Die Missionarsstellung in der Sportfotografie Teil 3

Und weiter gehts: heute mal was über große Events.

Mag ich nicht mehr so ganz, muss aber sein. Da hast du wirklich Stress am Hals, denn auch als akkreditierter Pressefotograf bekommst du immer weniger Zugang zu den coolen Hotspots. Das liegt daran, dass es eben sehr viele Fotografen gibt und weil es Verträge zwischen den Veranstaltern und großen Medien gibt, die den Ottonormaljournalist zur Witzfigur degradieren. In Österreich ist es z.B. der ORF der alles diktiert. Wie auch immer, es wird nicht einfacher gute Bilder zu machen.

Top-Athleten erwischen

kommt immer gut an. Bist du gerade im Ausland, sei frech und stell dich zu den Fotografen dazu

kommt immer gut an. Bist du gerade im Ausland, sei frech und stell dich zu den Fotografen dazu

London Marathon ist für Fotografen nicht immer ganz einfach. Das kommt daher, dass die echten Highlights durch Zuschauer ziemlich unzugänglich sind. Ein Tipp ist sich zu erkundigen, wann die Fototermine für Journalisten im Freien an den Vortagen stattfinden. Da kann man sicher auch als Hobbyfotograf die Top-Elite mit der Towerbridge erwischen. OK, ich glaube diese Konstellation wird es nicht mehr so bald auf einen Haufen geben.

Auf der Strecke knipsen

Die großartige Paula bei ihrem letzten offiziellen Marathonlauf

Die großartige Paula bei ihrem letzten offiziellen Marathonlauf

Erwische Situationen, die Sportgeschichte schreiben. Hier Paula Radcliffe bei ihrem letzten Marathon im April 2015 am Big Ben. Bitte versucht bei Großevents die Stimmung am Straßenrand mit zu erfassen. Teles haben da nichts verloren und ehrlich fast alle Fotografieren an solchen Tagen mit Teleobjektive. Dabei sind doch die jubelnden Zuschauer, die Helikopter am Himmel, der Big Ben um Paula herum so wichtig! Ich habe hier ein Weitwinkel mit 16mm; 1/320s; f 8 und ISO 1000 gewählt. In allen Berichten habe ich kein einziges Foto gesehen, dass diese Stimmung wiedergibt. Dafür viele von Paula schön freigestellt mit verwischtem Hintergrund. Fand ich sehr schade.

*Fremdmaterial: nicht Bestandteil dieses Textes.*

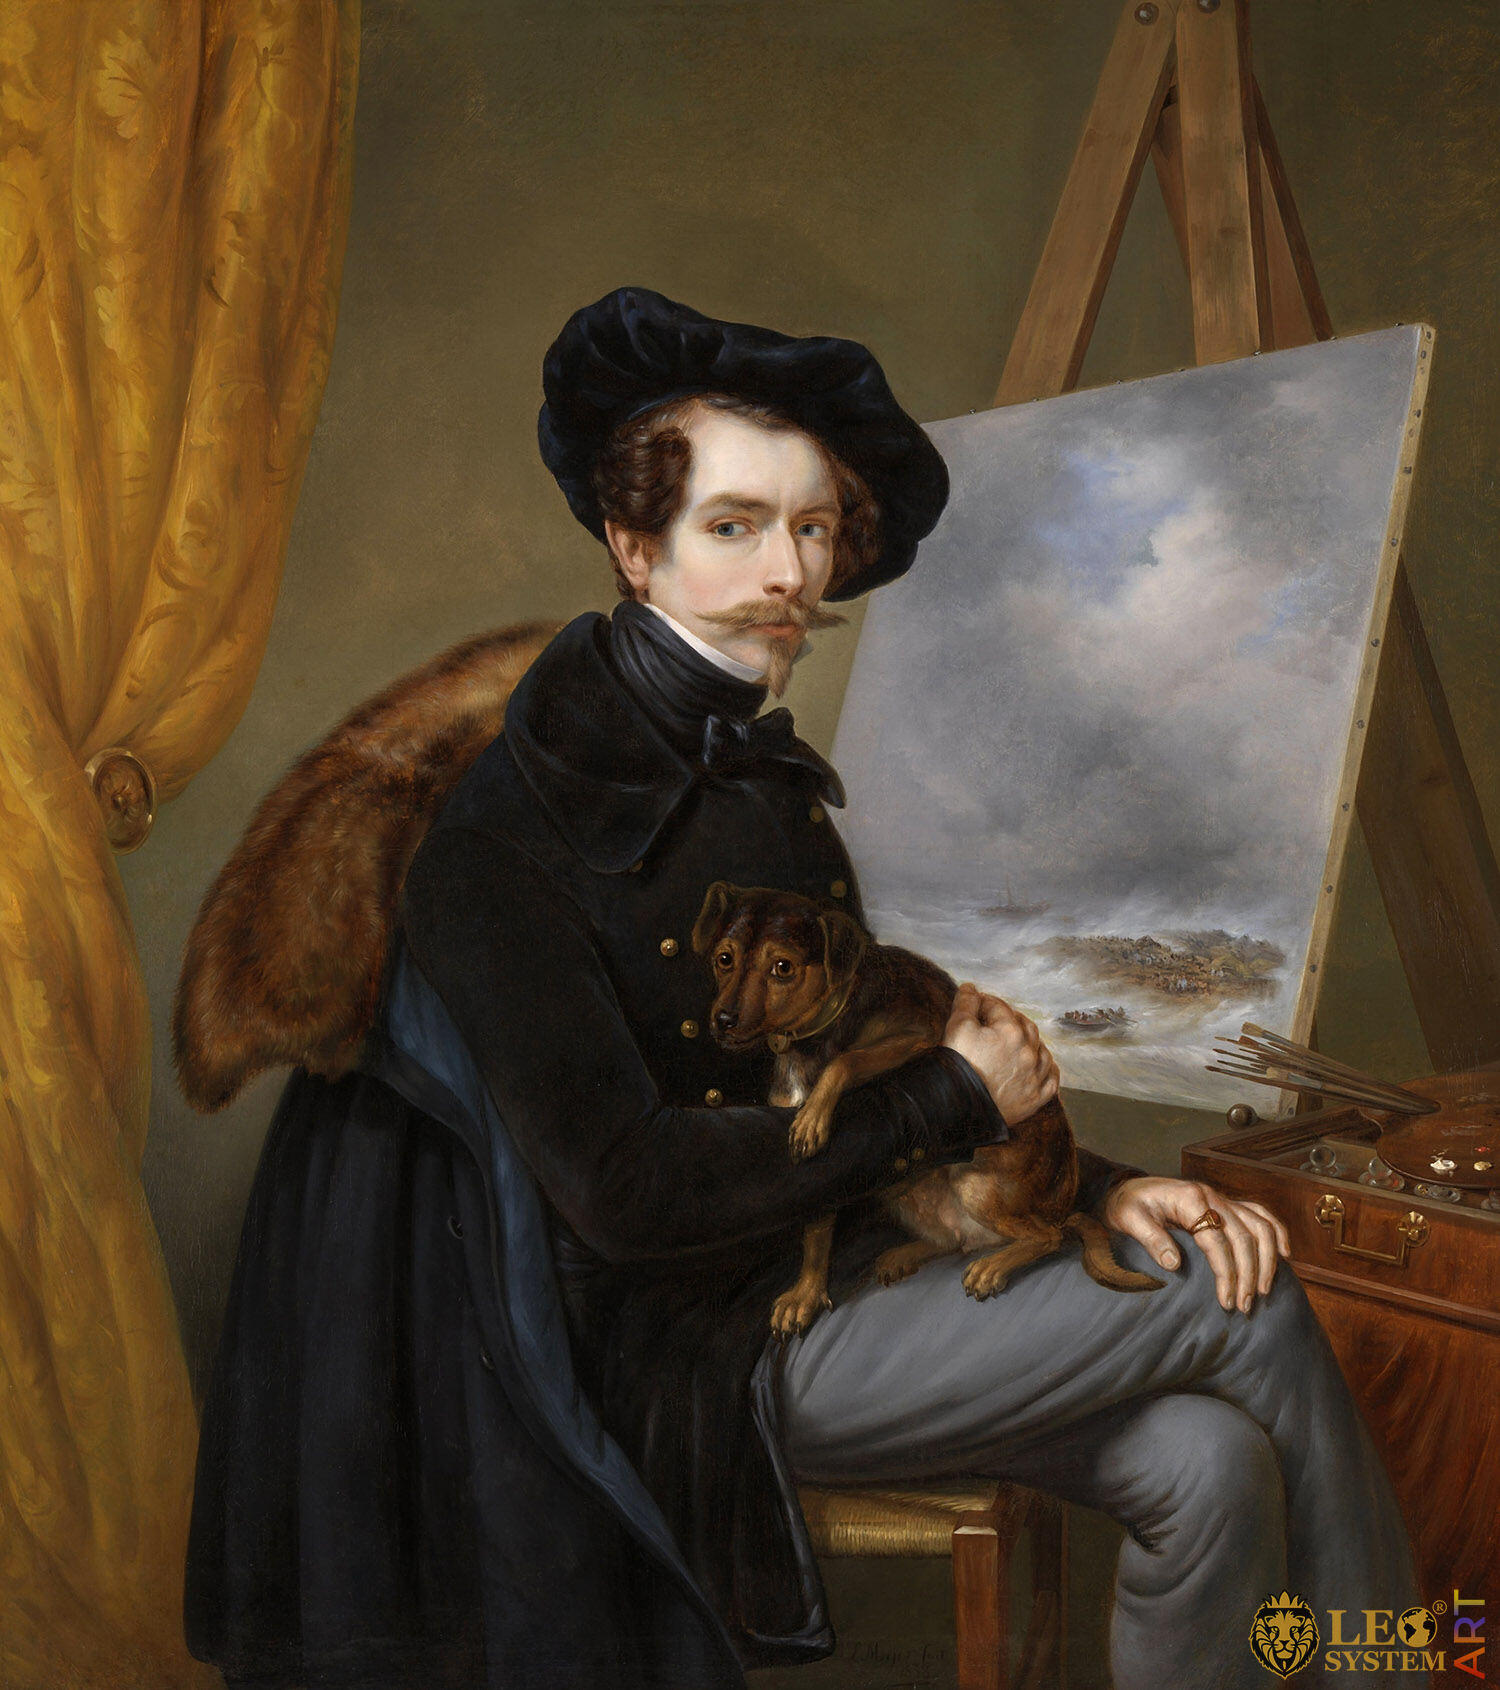 Self-Portrait, Louis Meijer, Painter: Johan Hendrik Louis Meijer, 1838, Amsterdam, Netherlands, Original painting

Geh dahin, wo sonst keiner mit einem Fotoapparat steht

Berlinmarathon - im Hintergrund der Friedensengel

Berlinmarathon – im Hintergrund der Friedensengel

Kurz nach dem Start sind die Läufermassen beeindruckend. Da ist sehr viel Spannung im Raum und jede Menge Adrenalin auch. Als Fotograf muss man nur darauf achten keinen Testosteron bei solchen Aktionen abzukriegen – schließlich taucht man ja fast in den Läuferstrudel ein.

probiere auch mal ganz neue Positionen

probiere auch mal ganz neue Positionen

Gegenlicht ist sehr spannend für Fotografen. Ich suche oft Bäume, Gebäude oder Gegenstände die das Licht schön brechen lassen. Dieses Bild mag ich, weil die Junge Frau am linken Bildrand die gleiche Position wie der Fotograf eingenommen hat. Sie wartet auf ihren Freund? Bilder die die Phantasie anregen sind sehr spannend.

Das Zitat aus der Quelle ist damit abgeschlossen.